Iron Dome
A former Israeli intelligence officer says Chinese hackers didn't steal the blueprints for Israel's billion dollar Iron Dome system Reuters

Top-secret data for Israel's sophisticated defence system, Iron Dome, was not stolen in cyber-attacks by hackers working for the Chinese military, it has been claimed.

Former Israeli intelligence officer Lior Div believes the attackers were in fact fooled into thinking they had stolen top-secret data.

In July, a report was published that claimed the blueprints were stolen in attacks said to have taken place in 2011, which targeted three major Israeli defence contractors: Elisra Group, Israel Aerospace Industries and Rafael Advanced Defense Systems.

The announcement of the attack came from intelligence firm Cyber Engineering Services and followed reports earlier in the year that the same group of hackers - known as Comment Crew - had infiltrated six US companies involved in the nuclear power, metals and solar products industries.

Div, who was awarded the Medal of Valor - Israel's highest military honour - for his work leading an elite team within Unit 8200 more than a decade ago, said the three companies involved would not have been so careless as to leave the plans compromised.

While Div admitted "we do not know all the details about what happened", in his opinion, he said: "The enterprises like the three vendors we are talking about, they are well familiar with the programme in terms of cyber security."

Honeypot network

While Div said he cannot say for certain this is what happened, he claimed it is a "good assumption" that the companies would have deployed what is known as a "honeypot network" to trap the attackers and identify where they were coming from.

Div said the companies would have put computers that looked like they belonged to high-profile targets such as the CEO and CFO within the network and within these computers would be documents marked "top secret".

"The organisations would make sure that the system is more vulnerable and that would enable them to see who is attacking them and find out what they want to achieve," said Div.

He added: "Of course you give them some documents. Of course they are not classified but on the document would be written 'classified' or 'top secret'."


The question that arises if this is the case is why none of the three companies implicated called foul after the report was published in July.

Div said they couldn't say anything because they were in a catch-22 situation.

"They can't say anything, because if they reveal they had a decoy network, they are in trouble because they are exposing the way they protect themselves," he said.

"If they are not saying anything, people think that 'yes' someone managed to actually get in."

The Chinese government has come under a lot of scrutiny in the last 12 months after several reports revealed the extent of the cyber-espionage being carried out by groups affiliated with the Chinese military.

China continues to deny the allegations despite the US charging five Chinese cyber-spies with stealing plans about nuclear power plants and other industrial systems.


Div said that he is in no doubt the Chinese have the skills to carry out the type of attacks they are being accused of. He said "we known this because they have not been able to cover their tracks effectively".

While the Chinese are not purposely revealing their identities, the breadth and depth of their attacks is such that a trail of cyber-breadcrumbs is almost inevitable.

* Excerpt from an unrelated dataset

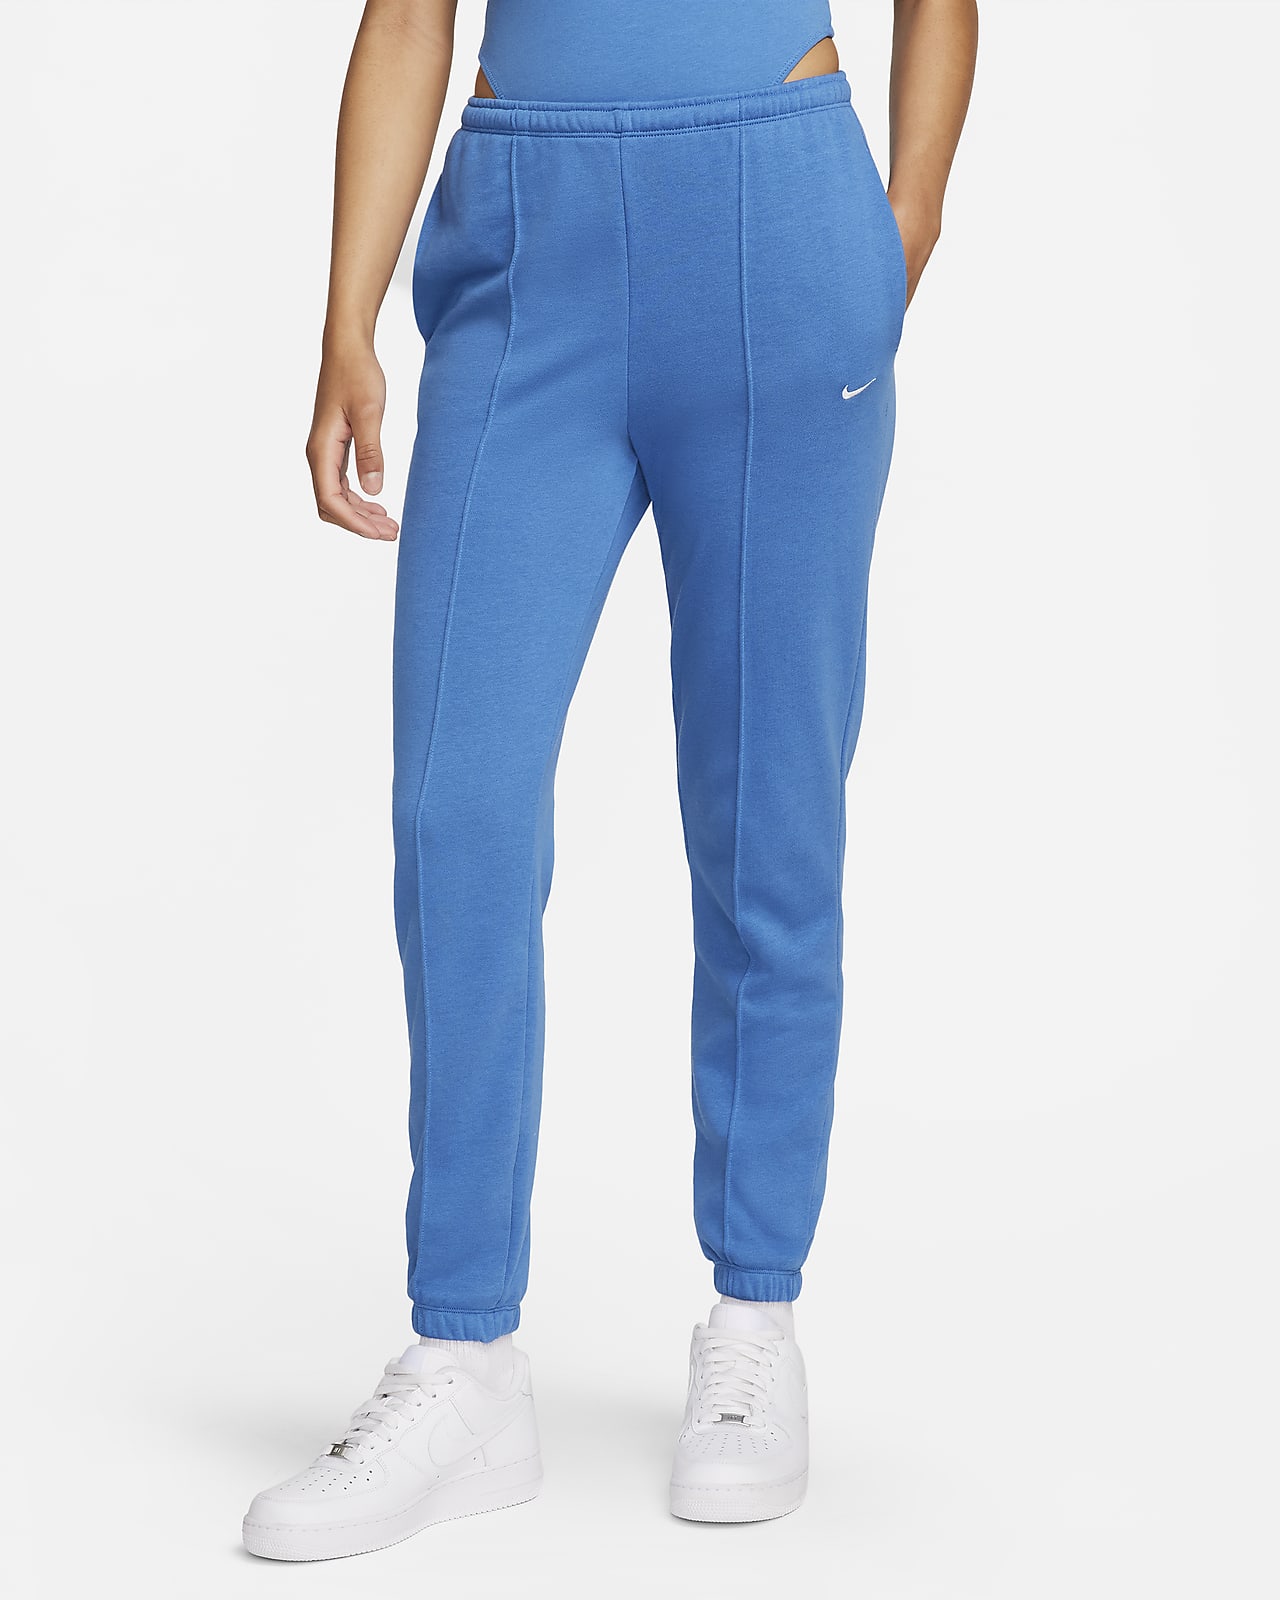 https://static.nike.com/a/images/t_PDP_1280_v1/f_auto,q_auto:eco/87256fb0-b768-49b3-997b-80fc9975efb2/sportswear-chill-terry-womens-slim-high-waisted-french-terry-sweatpants-LcJSpQ.png

Div added that because the whole world knows the Chinese are attacking other countries, some other groups see it as an opportunity to cover their own tracks:

"Because the Chinese [hackers] are very prominent and well-known, and everybody is talking about them, if you wanted to create a new attack group from say Russia or Eastern Europe - the easiest thing to do is to change your way of attacking or the point of the attack to look like it comes from China," he said.

Div said that "for sure" this is already happening at a nation state level but he would not expand on how he knew.

He did add, however, that researchers at his own security firm, Cybereason, have uncovered examples of where Chinese characters had been inserted in the code of malware attacking one of its customers, but once translated, it mades no sense.